Hi Community,
i have started to work with kafka for several month now. Have learned how to create a Spring Boot Kafka Stream Application. Recently i have added a Global State Store to my Application.
Now that i know how to implement a Kafka Stream and a Global State Store, i would like to understand their dependencies on each other.
For example lets say i have an application with a stream and a global state store.
The Stream source from topic A with around 10mio records, it transforms data and writes the transformed data into topic B.
The Global State Store sources from topic B.
Case one(fresh deploy):
When the application starts for the first time, the stream will process all the data from topic B and the global state store will be build up instantly
→ the app is up and running right away while the stream still processing the data
When does the state store gets filled up?
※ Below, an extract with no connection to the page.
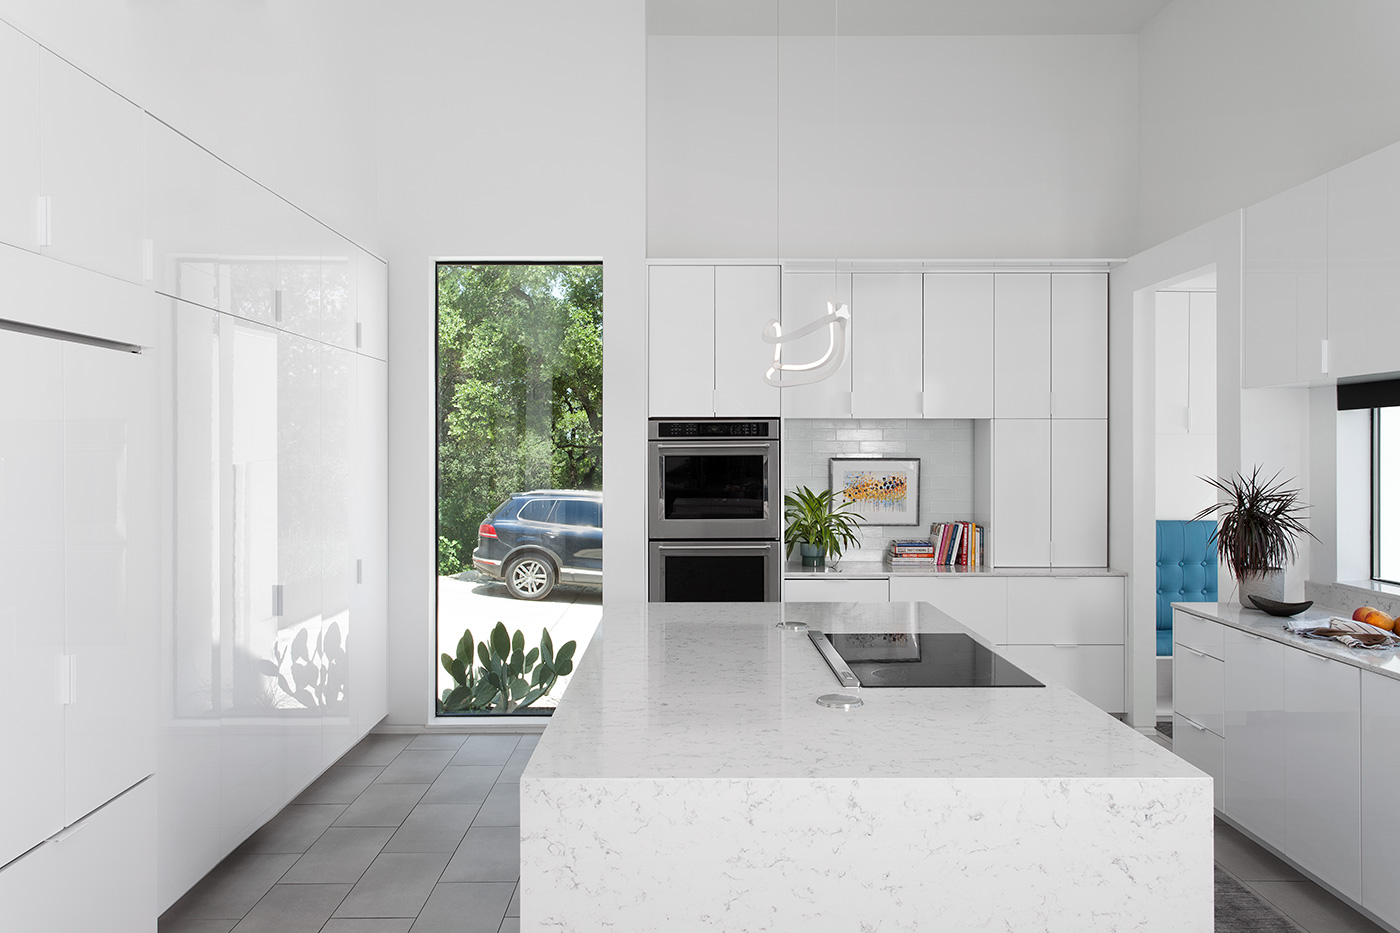 White kitchen with new sleek appliances.

Whenever a new record has been written in topic B it also gets directly stored into the state store?
Case two (redeploy with different application-id)
When the application starts it is NOT up and running right away because:
the stream is reprocessing all data from topic A while the state store is getting restored. How long the state store needs to get restored depends on the amount of the data it has been build up before.
How is the process of restoring the global state store? Where does the data come from? What about the data from topic B where it sources from?
When does the store sources from topic B? When the store has been fully restored or while it is being restored?
Thank you for your time to help.
Best regards
Kafkanaut